Pembrolizumab is a monoclonal antibody that inhibits the programmed cell death-1 (PD-1) receptor. PD-1 is expressed by immune cells and plays a role in regulating self-tolerance by downregulating immune responses. The interaction of PD-1 with PD-L1 in the tumor microenvironment compromises normal T cell function and promotes the conversion of cytotoxic T cells into regulatory T cells (12). Inhibition of PD-1 and PD-L1 signaling through checkpoint inhibitors enhances T-cell cytotoxicity and induces tumor regression. However, given the comprehensive nature of these interactions, there are significant implications for both cancer cells and the host's normal tissues. It has been hypothesized that the hyperinflammatory state caused by immunotherapy-induced T-cell activation may lead to HLH. In the absence of definitive physical evidence, it is crucial to exclude other causes of secondary HLH.

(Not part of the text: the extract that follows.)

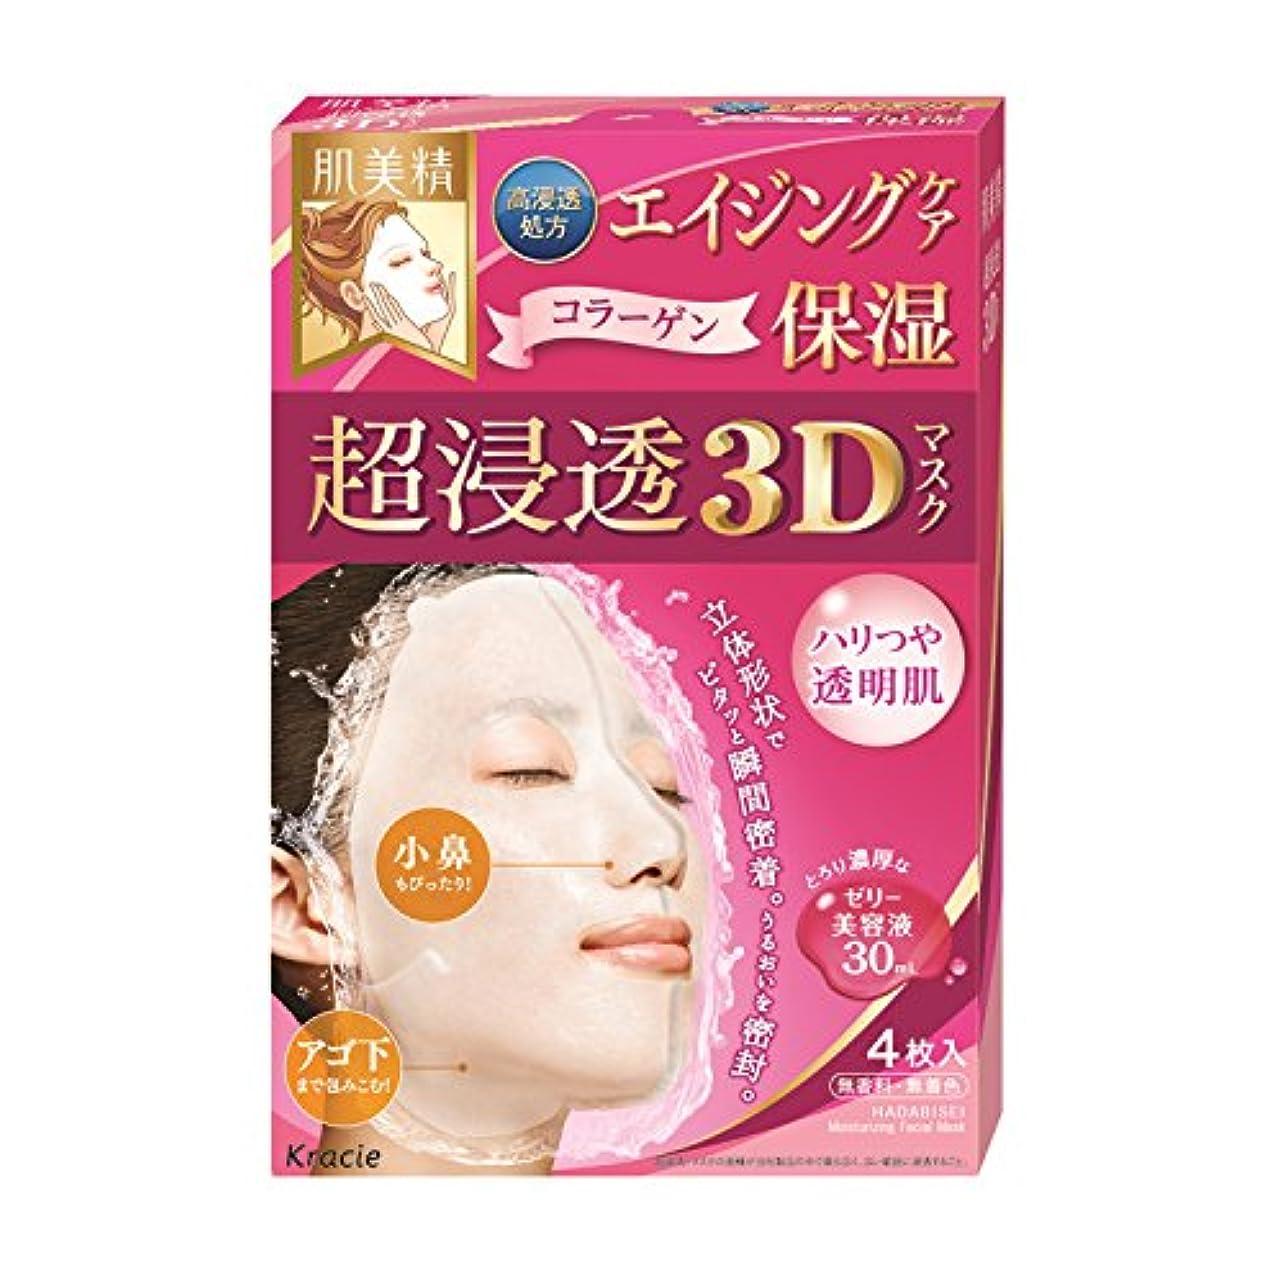 詩人ゾーン魅惑的な肌美精 超浸透3Dマスク (エイジング保湿) 4枚

In this case, we suspected HLH based on the clinical findings and measured IL-6 levels before administering the steroid pulse, which confirmed that it decreased with treatment. Although IL-6 measurement was not necessary for the diagnosis of HLH, it was helpful in understanding the pathophysiology while awaiting the results of the liver biopsy, allowing us to initiate treatment. Hyperactivation of immune cells by EBV reactivation is also considered to have had an effect.

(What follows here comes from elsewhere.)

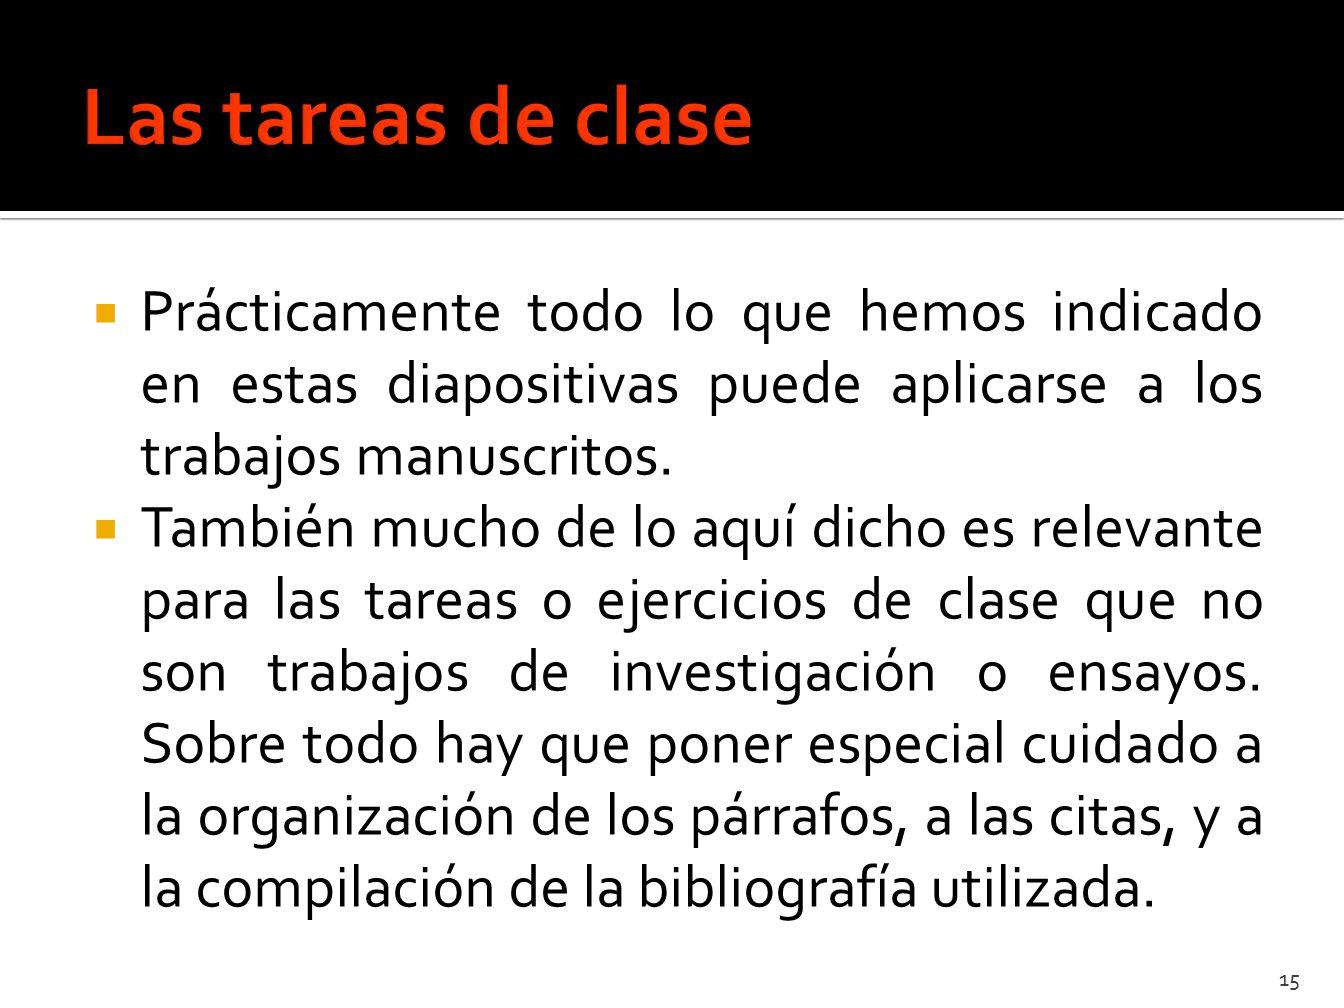 Las tareas de clase Prácticamente todo lo que hemos indicado en estas diapositivas puede aplicarse a los trabajos manuscritos.

Although the recent irAE guidelines from the Society of Immunotherapy for Cancer discuss HLH as an irAE with potentially high lethality, no specific treatment recommendations have been made (13). Hence, real-world data and case reports of rare irAEs are needed to understand their frequency and severity and improve clinical management. A review of the management of blood-related irAEs recommends the prompt administration of high-dose corticosteroids (2–5 mg/kg/day, IV) and anti-IL-6 inhibitors such as tocilizumab for cytokine storms associated with hemophagocytic syndrome. Should corticosteroids fail to elicit an adequate response, the use of cyclosporine or a single dose of etoposide (150 mg/kg, IV) should be considered in collaboration with a hematologist (14). Earlier case reports of ICI-associated HLH have utilized anti-inflammatory cytokines, including tocilizumab, alongside steroids (Table III). Importantly, recent evidence underscores the significance of early intervention with nonsteroidal immunosuppressive therapies over steroids for treating irAEs (15). In this case, the onset of HLH during lymphocyte suppressive therapy involving high-dose steroids (1 mg/kg) and MMF, indicates a cytokine storm. Steroid pulses were administered to inhibit the cytokine cascade, and the anti-IL-6 antibody, tocilizumab, was used during steroid tapering. Additionally, cyclosporine was employed to suppress T cells through a mechanism distinct from that of steroids, contributing to successful treatment.

In conclusion, we encountered cases of HLH and DIC associated with ICI administration during preoperative systemic chemotherapy for breast cancer. HLH is a rare but severe life-threatening complication of checkpoint inhibitor therapy that underscores the need for vigilance and preparedness. Our understanding of the full spectrum of side effects associated with ICIs that have a relatively short history of use is incomplete. Anticipation of the underlying pathophysiology and identification of appropriate treatment strategies are of paramount importance. Prospective data are crucial for assessing the efficacy of nonsteroidal immunosuppressive therapies in conjunction with steroids.